Using hyperspectral analysis as a potential high throughput phenotyping tool in GWAS for protein content of rice quality
Background The advances of hyperspectral technology provide a new analytic means to decrease the gap of phenomics and genomics caused by the fast development of plant genomics with the next generation sequencing technology.
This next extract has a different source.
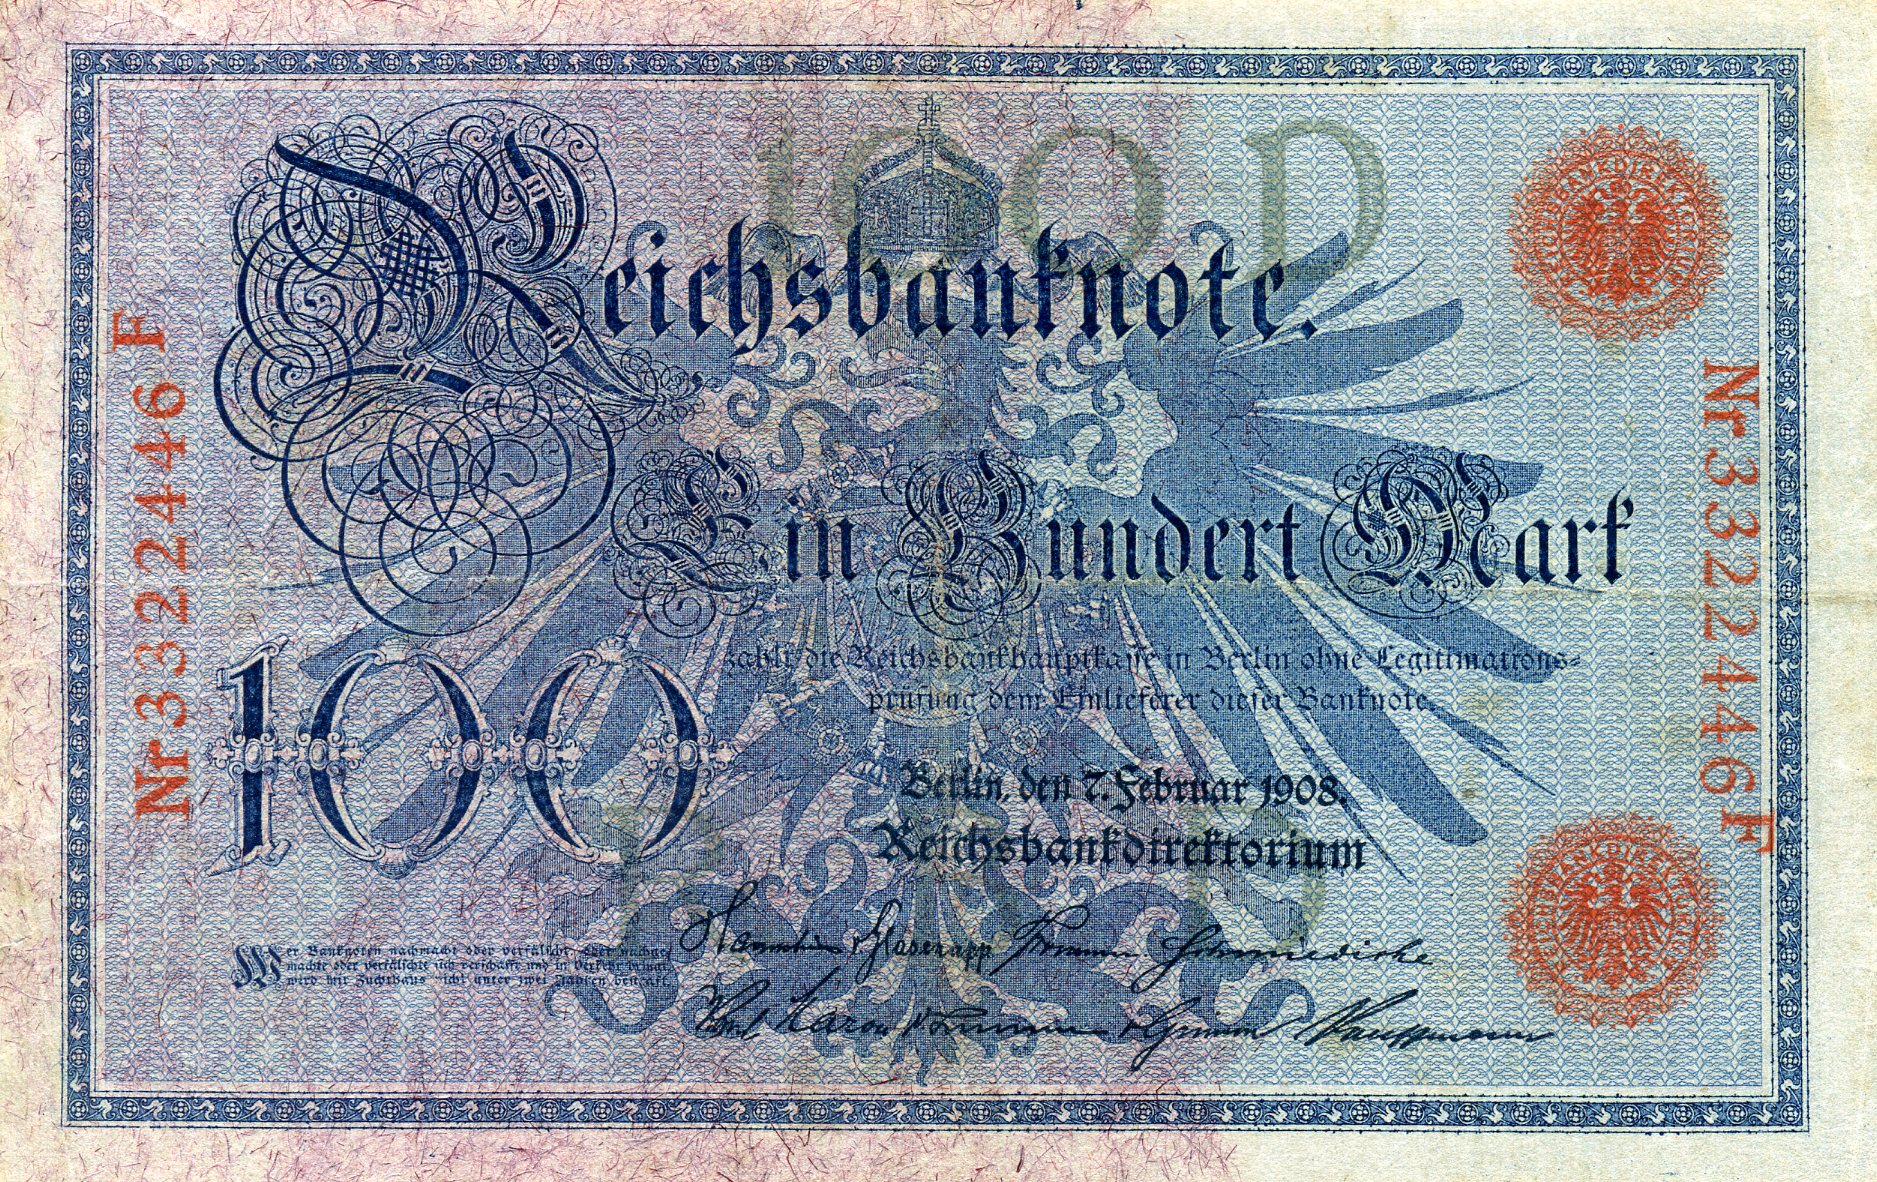 100 марок 7 февраля 1908 года. Красная печать. Аверс. Реферат Рефератович.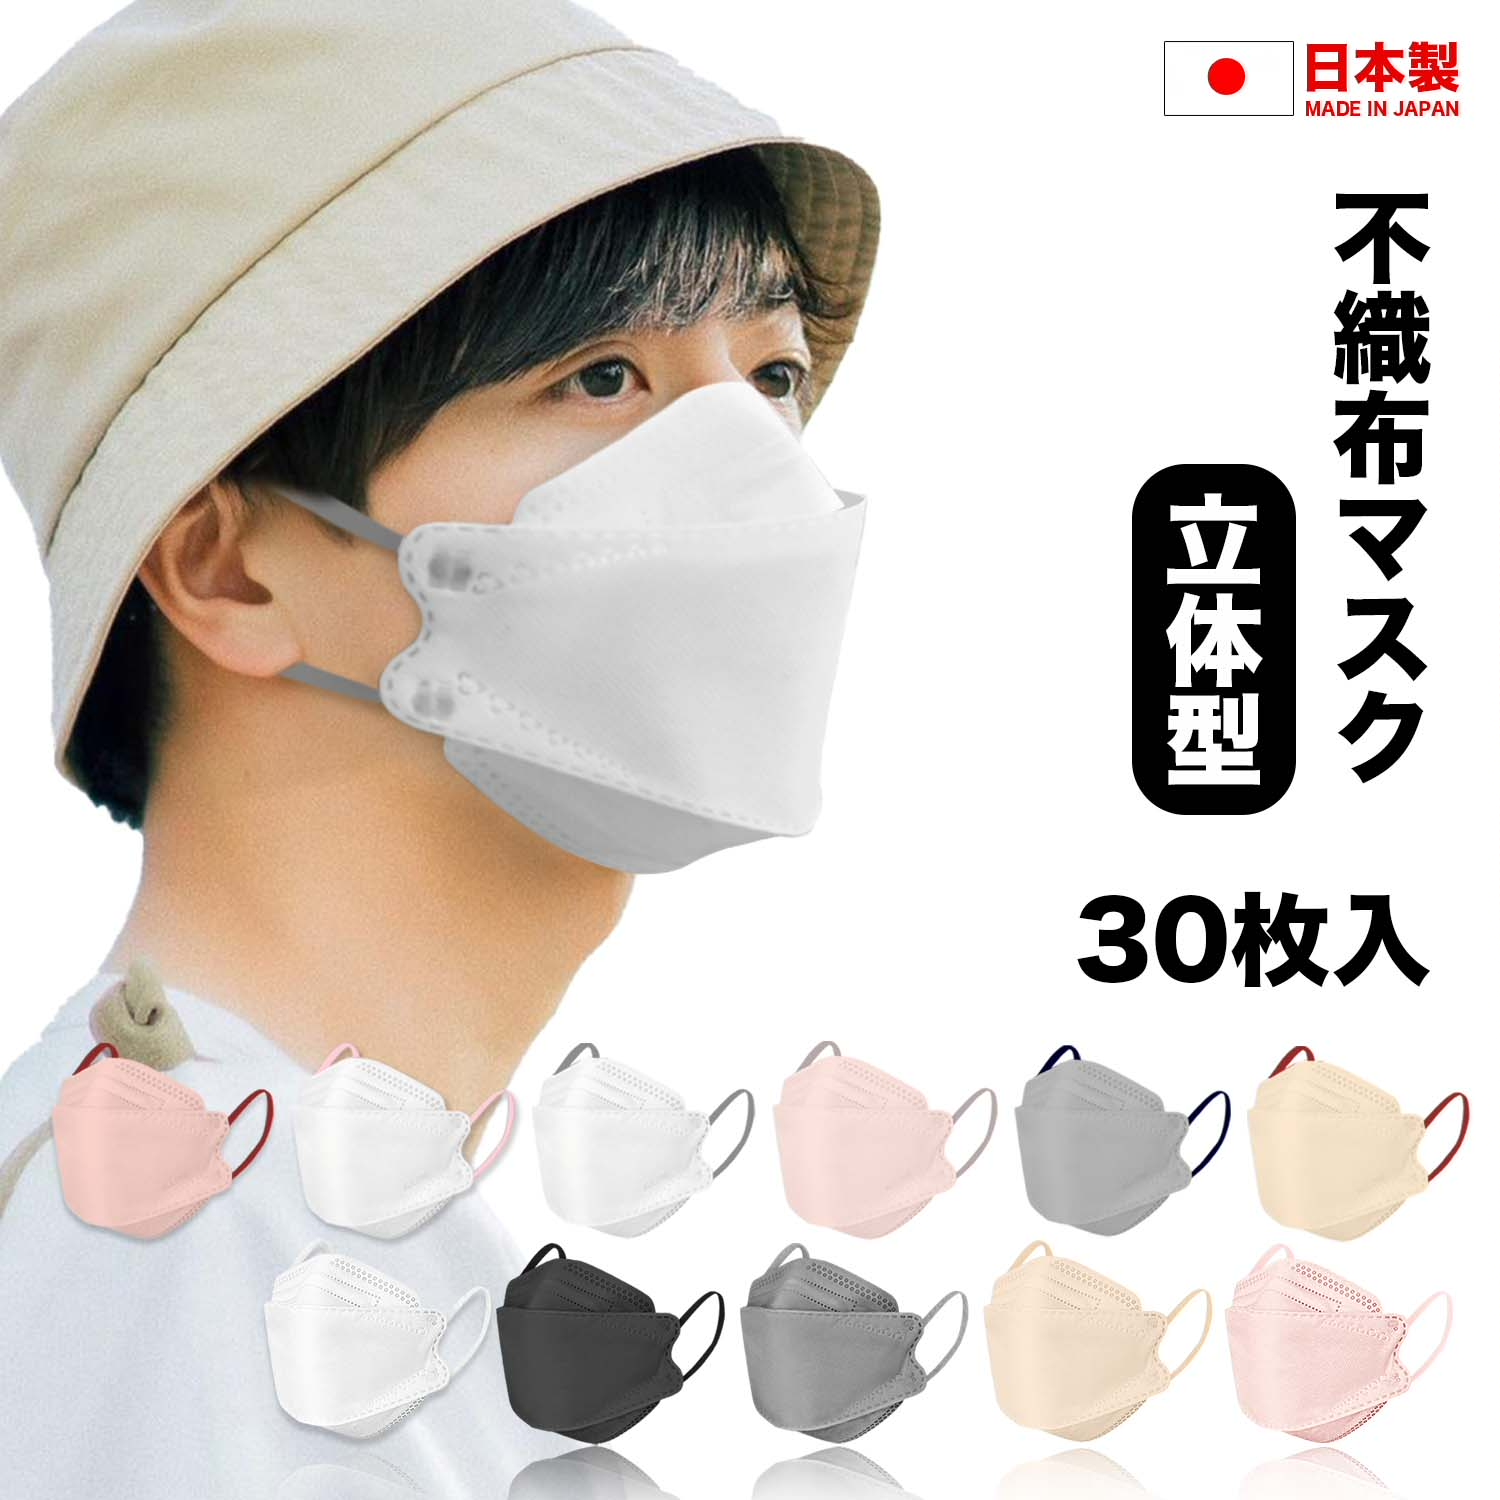 日本製マスク 不織布マスク 3D立体マスク 個別包装 30枚入り 高密度

Through hyperspectral technology, it is possible to phenotype the biochemical attributes of rice seeds and use the data for GWAS. Results The results of correlation analysis indicated that Normalized Difference Spectral Index (NDSI) had high correlation with protein content (PC) with R NDSI 2  = 0.68. Based on GWAS analysis using all the traits, NDSI was able to identify the same SNP loci as rice protein content that was measured by traditional methods. In total, hyperspectral trait NDSI identified all the 43 genes that were identified by biochemical trait PC. NDSI identified 1 extra SNP marker on chromosome 1, which annotated extra 22 genes that were not identified by PC. Kegg annotation results showed that traits NDSI annotated 3 pathways that are exactly the same as PC. The cysteine and methionine metabolic pathway identified by both NDSI and PC was reported important for biosynthesis and metabolism of some of amino acids/protein in rice seeds. Conclusion This study combined hyperspectral technology and GWAS analysis to dissect PC of rice seeds, which was high throughput and proven to be able to apply to GWAS as a new phenotyping tool. It provided a new means to phenotype one of the important biochemical traits for the determination of rice quality that could be used for genetic studies.